» **Available data**:
_ _ _
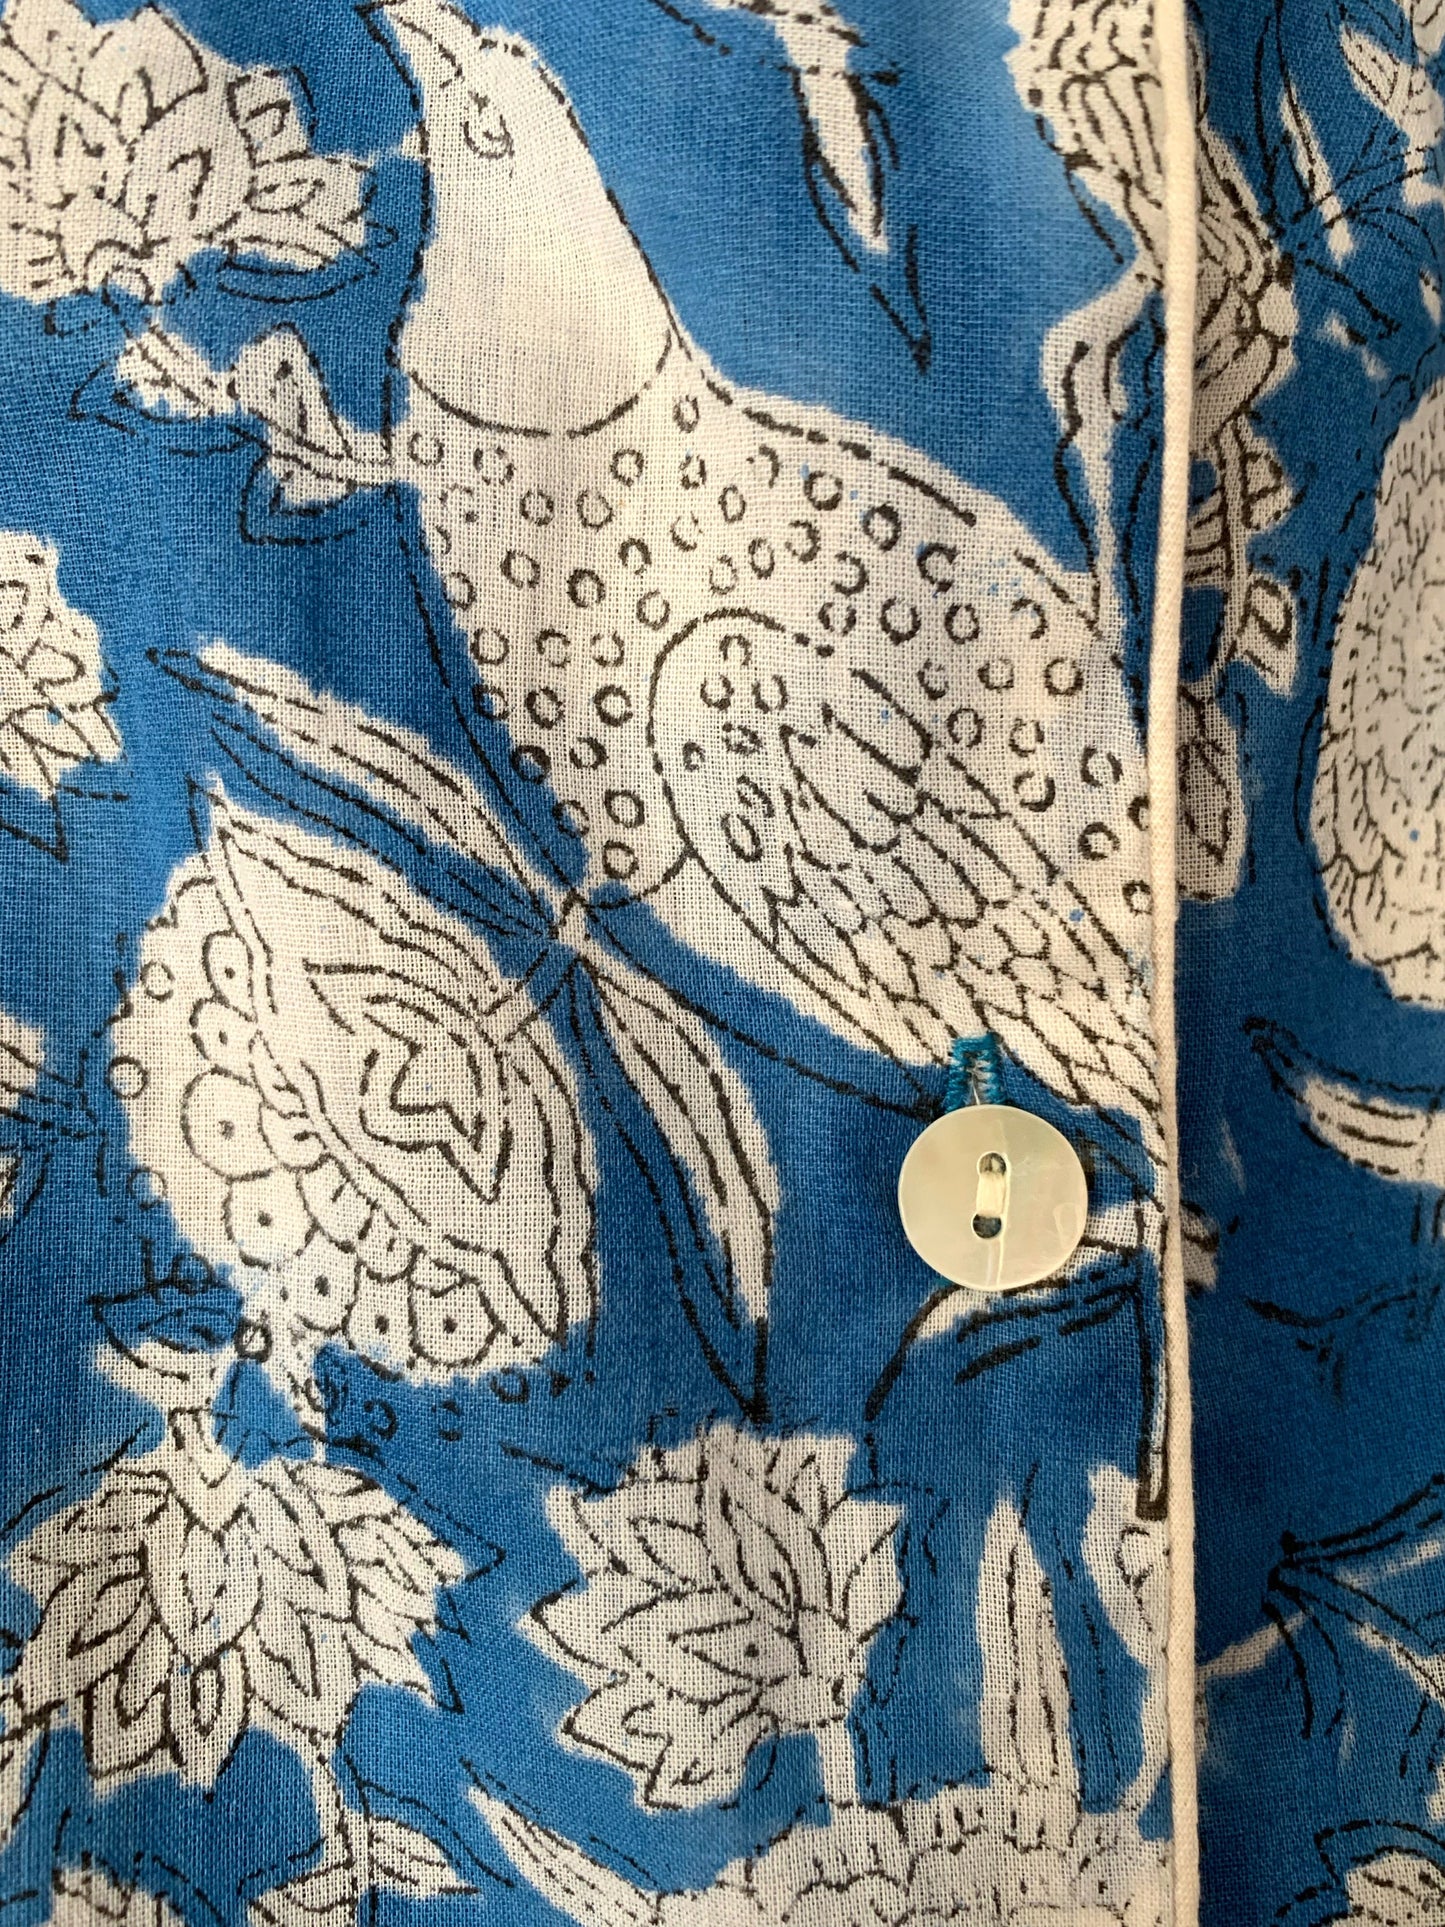 Nightgown · Pure cotton block print handmade in India · 100% cotton sleep shirt · Long-sleeved cotton nightgown · Blue
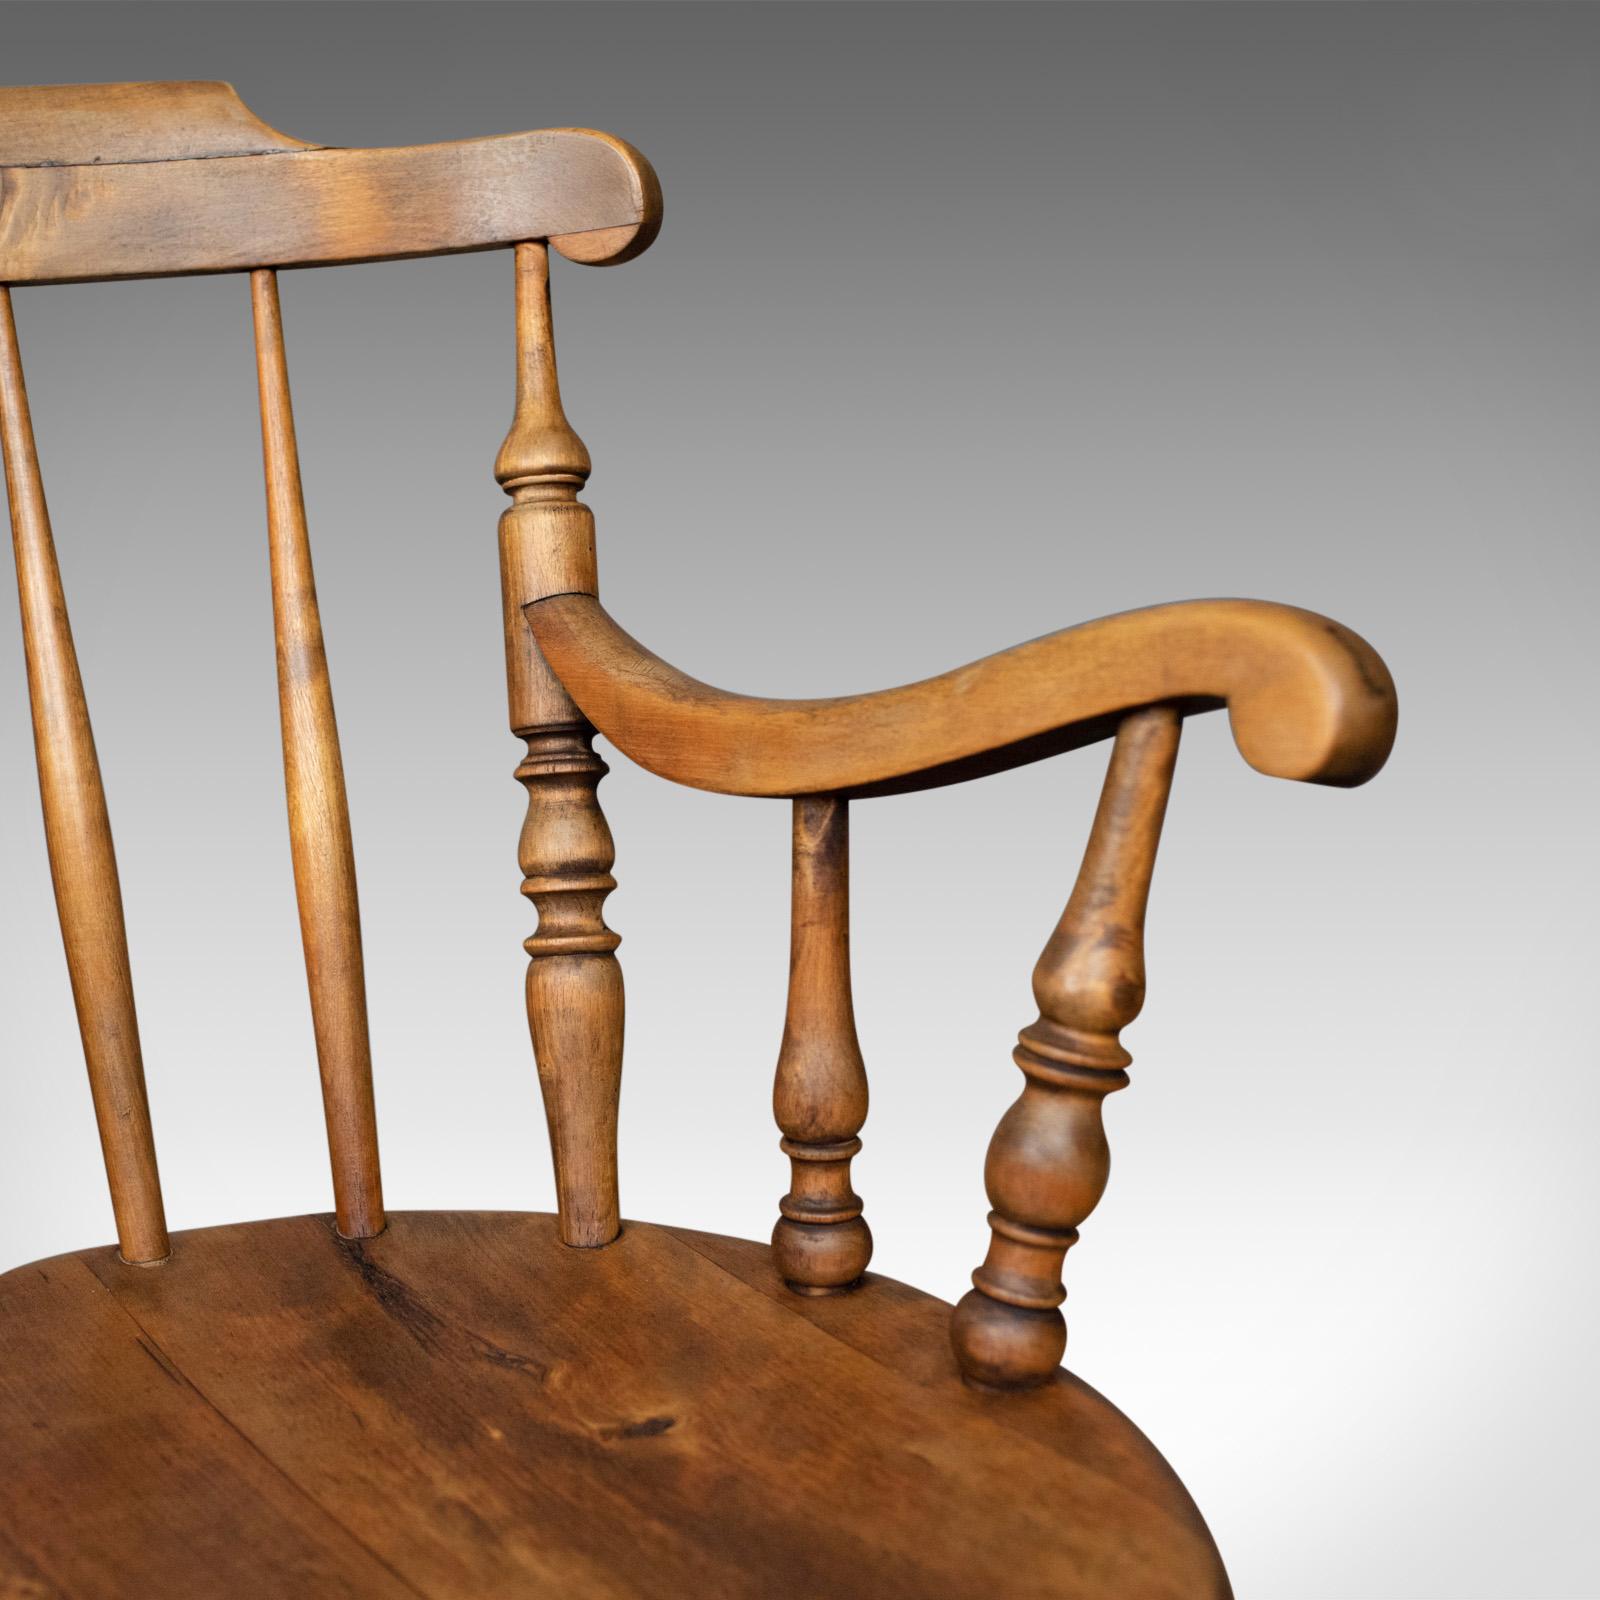 Late Victorian Antique Elbow Chair, English, Victorian, Country Kitchen, Armchair, circa 1900
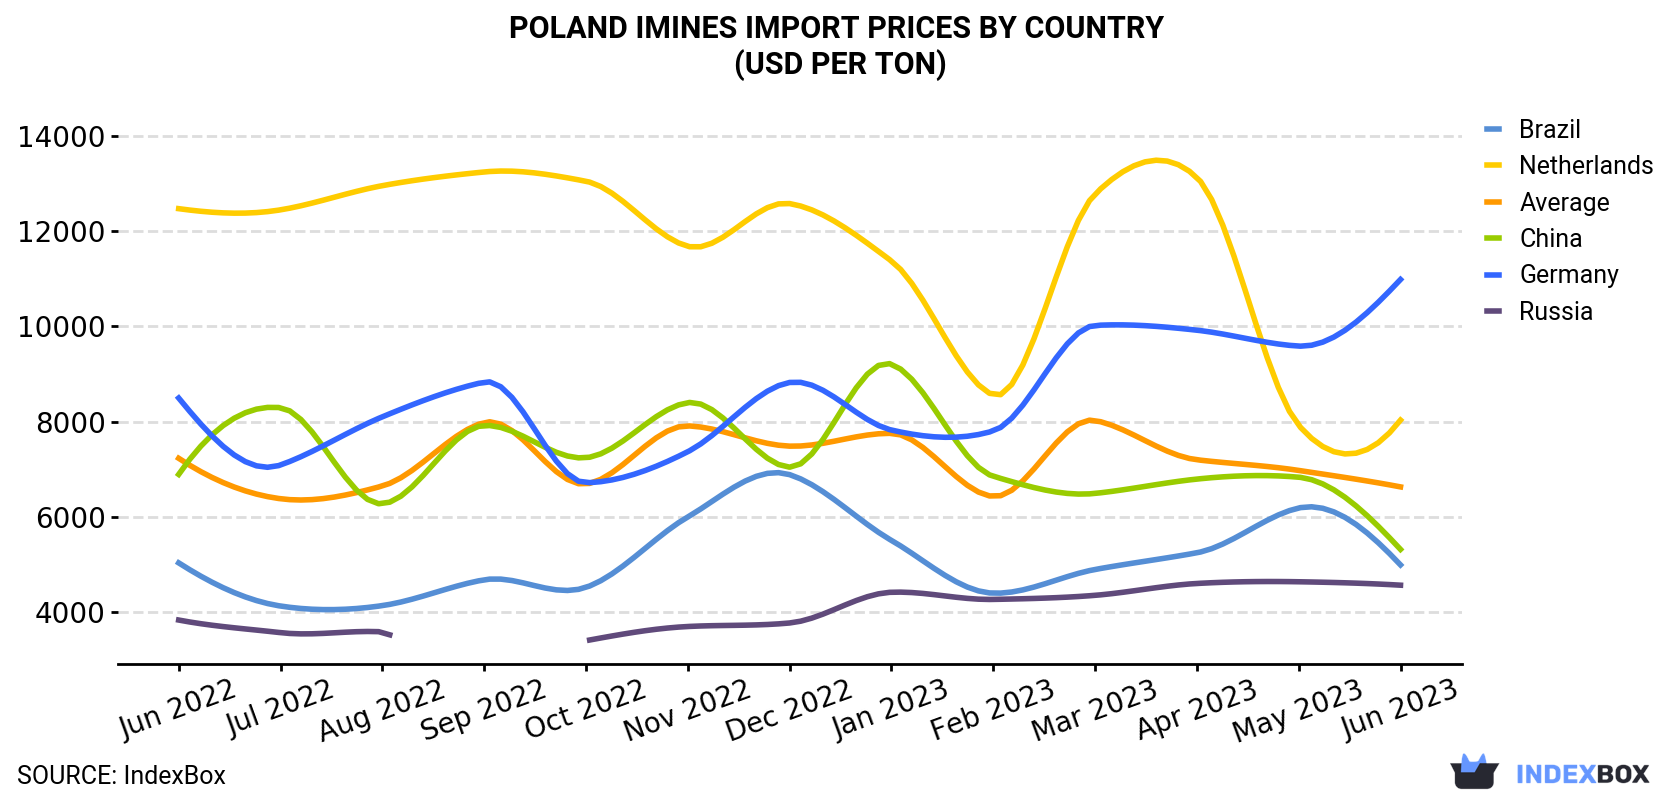 Poland Imines Import Prices By Country (USD Per Ton)
_ _ _
» **What to do**: Copy out the listing word for word and skip its pictures.

» **Solution**:
 Nightgown · Pure cotton block print handmade in India · 100% cotton sleep shirt · Long-sleeved cotton nightgown · Blue
 Late Victorian Antique Elbow Chair, English, Victorian, Country Kitchen, Armchair, circa 1900
 Poland Imines Import Prices By Country (USD Per Ton)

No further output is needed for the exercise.